‘The New Normal’ Backlash: Will Audiences Give The ‘Gaycist’ Show A Chance?

Just Bartha and Justin Rannells in The New Normal

The New Normal (NBCUniversal)

In case you hadn’t heard, tonight brings the premiere of NBC’s The New Normal, about a gay couple in search of a surrogate mother to help them start a family and all the zaniness and controversy that ensues. And with Glee creator Ryan Murphy at the helm, controversy will probably feature very prominently, especially after critics see the episodes after the pilot (which is available now online). We’ve rounded up some critics’ takes on the pilot from around the web to find out why audiences might love The New Normal and why they might not.

Huffington Post critic Maureen Ryan wonders if The New Normal is another Ryan Murphy-hatched publicity-churning-scheme or a real vehicle for human emotion (and Atlanta Real Housewife Nene Leakes).

Why you’ll love it: Ryan seems to have bonded with what she calls the quieter of the show’s central gay couple, David (played by Justin Bartha) as well as Georgia King’s “Goldie” character, who plays the surrogate. She also calls Leakes “surprisingly good” and the show itself “a slickly made piece of entertainment.”

Why you might not: But “slickly made” doesn’t sound like a ringing endorsement when the question is whether viewers will genuinely buy the couple as real human beings as opposed to caricatures of gay guys. The writer also points out that, in the one episode out thus far, there are references disparaging Jews, Chinese people, and the overweight.

Salon.com TV writer Willa Paskin seems to think the worst enemy of the show’s characters are the show’s writers, which is an interesting if unorthodox method of creating believable tension. But is it out of a desire to keep things real or just an excuse to be racy?

Why you’ll love it: Paskin gives few reasons to believe in Ryan Murphy as a harbinger of realness, even with—sorry to bully her—NeNe Leakes in the cast.

Why you might not: “Its characters,” Paskin says in what might generously be called a tirade, “spit out a near constant stream of bitchy, racist, homophobic, stereotypical comments” and attributes the shows brutal honesty as “pretext for behaving like an asshole.”

GQ felt pretty strongly about the show (so we’ll let you decide which side of the fence they are) but attributes the shows…attributes…to a larger trend in gay characters on television.

Why you’ll love it: The magazine’s culture blog gives The New Normal a few bonus points for the David character’s decidedly non-stereotypical persona (“David is a doctor. Who likes football. And doesn’t speak in jazz hands.”) and cites the almost universally adored Louie as a reason that racism can be acceptable comedy fodder.

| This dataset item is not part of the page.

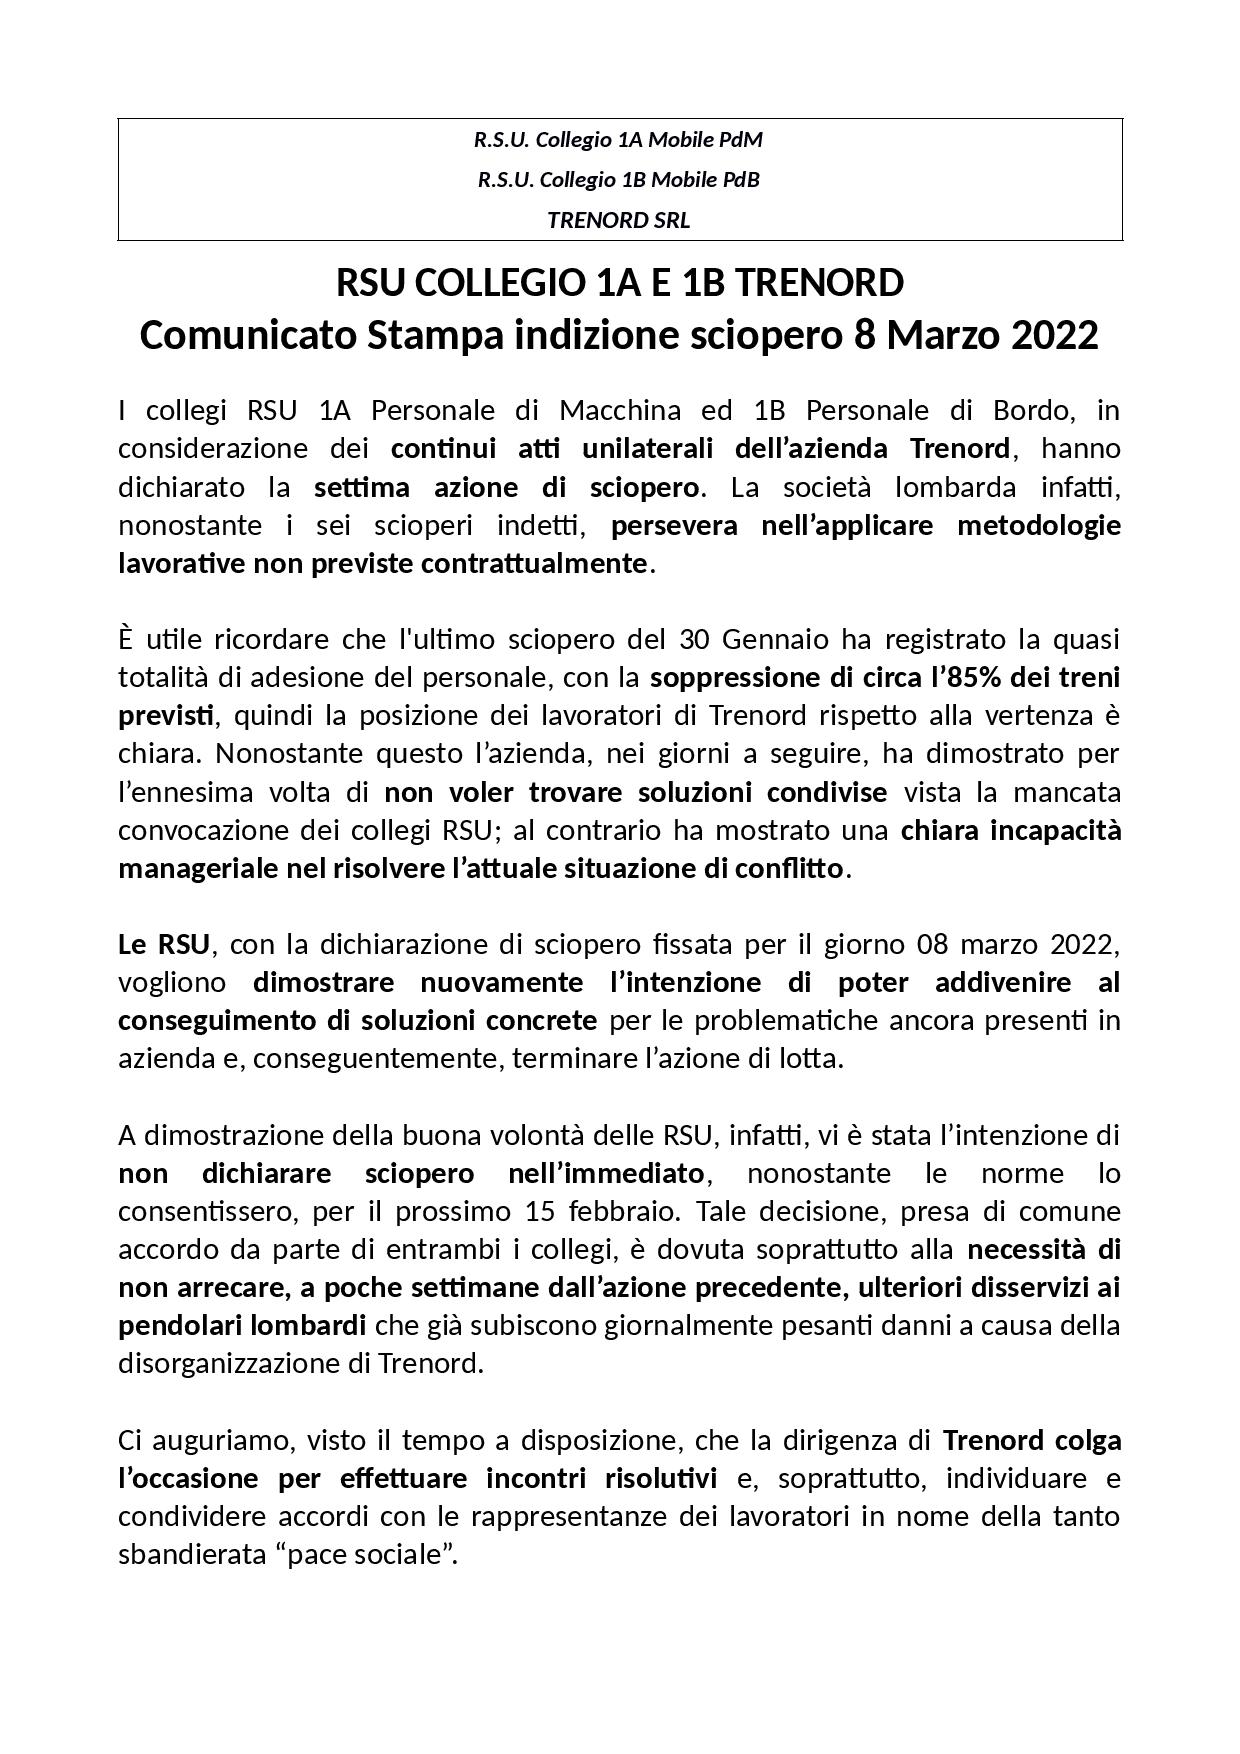 Trenord Comunicato RSU Mobile Sciopero 8 marzo 2022 page 001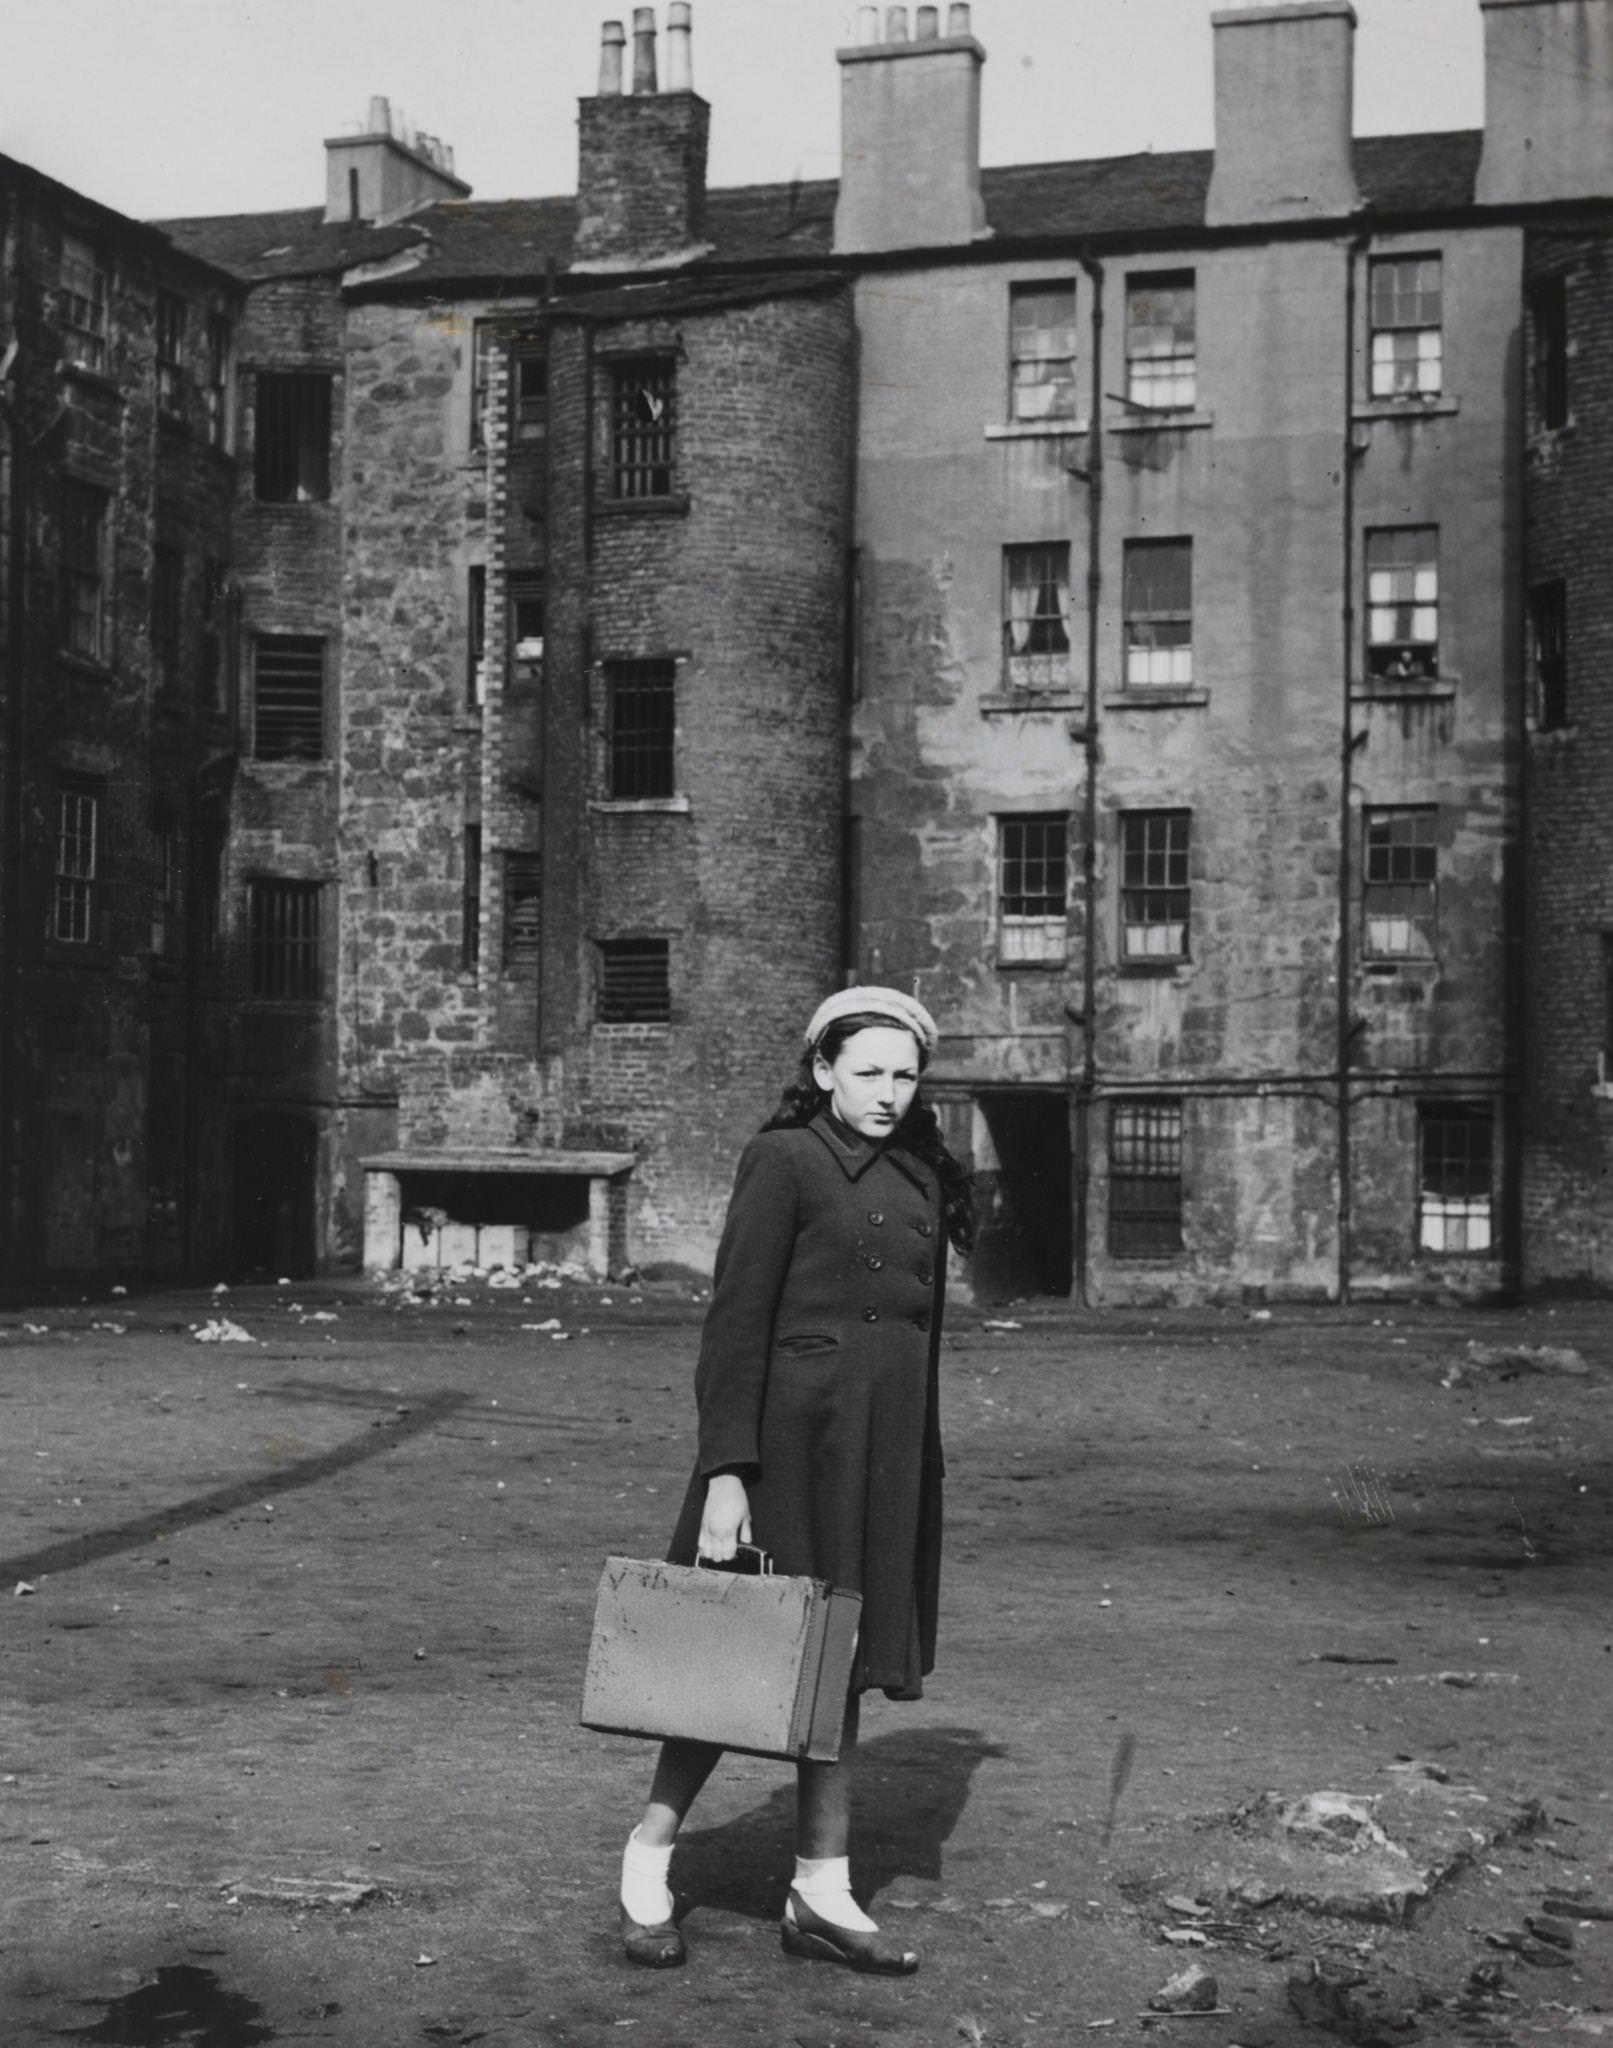 Matilda Szlapikas in her slum surrounding, 1952

Why you might not: Lazy racism, however, is apparently not okay. And though GQ lists other culprits like Sofia Vergera’s English-impaired Modern Family character and the cartoonishly Asian diner owner of 2 Broke Girl as other examples, they seem to place The New Normal most squarely into this subcategory.

The Hollywood Reporter’s focus is on the parallel between the show’s gay co-creators Ali Adler and Ryan Murphy and the show’s same-sex couple leads.

Why you’ll love it: Adler is a mother of two (along with famous ex-partner Sara Gilbert) and Murphy has a conspicuous parallel in the Bryan half of the couple, who is a successful showrunner for a Glee-esque series called Sing.

Why you might not: But does loosely basing it on their own lives make Adler and Murphy’s show the real deal? THR doesn’t come to any firm conclusions. Instead, it mostly relies on the actors and creators of the show to convince us The New Normal will be relatable.

The Boston Globe, like GQ, draws comparisons to 2 Broke Girls (which it calls “Vaudevillian,” and not in a good way) and fears the promises of premier season will quickly be broken but also gives cause for hope.

Why you’ll love it: The hope here lies mostly in the originality of the show’s premise, to which it attributes the refusal of a Utah NBC affiliate to air the show. “It’s Modern Family-esque,” says writer Matthew Gilbert, “in that the show will explore the intersection of extended family and family of choice.” What’s not to love?

Why you might not: The Globe seems to fear another trope-filled side show meant to generate buzz more than explore real relationships. Like all the other critics, this one cites the sassiness of NeNe Leakes’ character and Bryan, who he calls the classic “Bravo gay.” Gilbert also wonders if Murphy and Adler can resist making the show and its character little but a vehicle for making “Big Points,” which it calls “pulling a Glee.

So what’s the consensus? Thought the critics seam universally fearful of all the terrible things The New Normal might become, they are also generally optimistic about what it is—a refreshing take on what family life with a talented cast and battle-tested writers. We’ll see tonight!

Joshua Gardner is an editorial intern for Logo.com.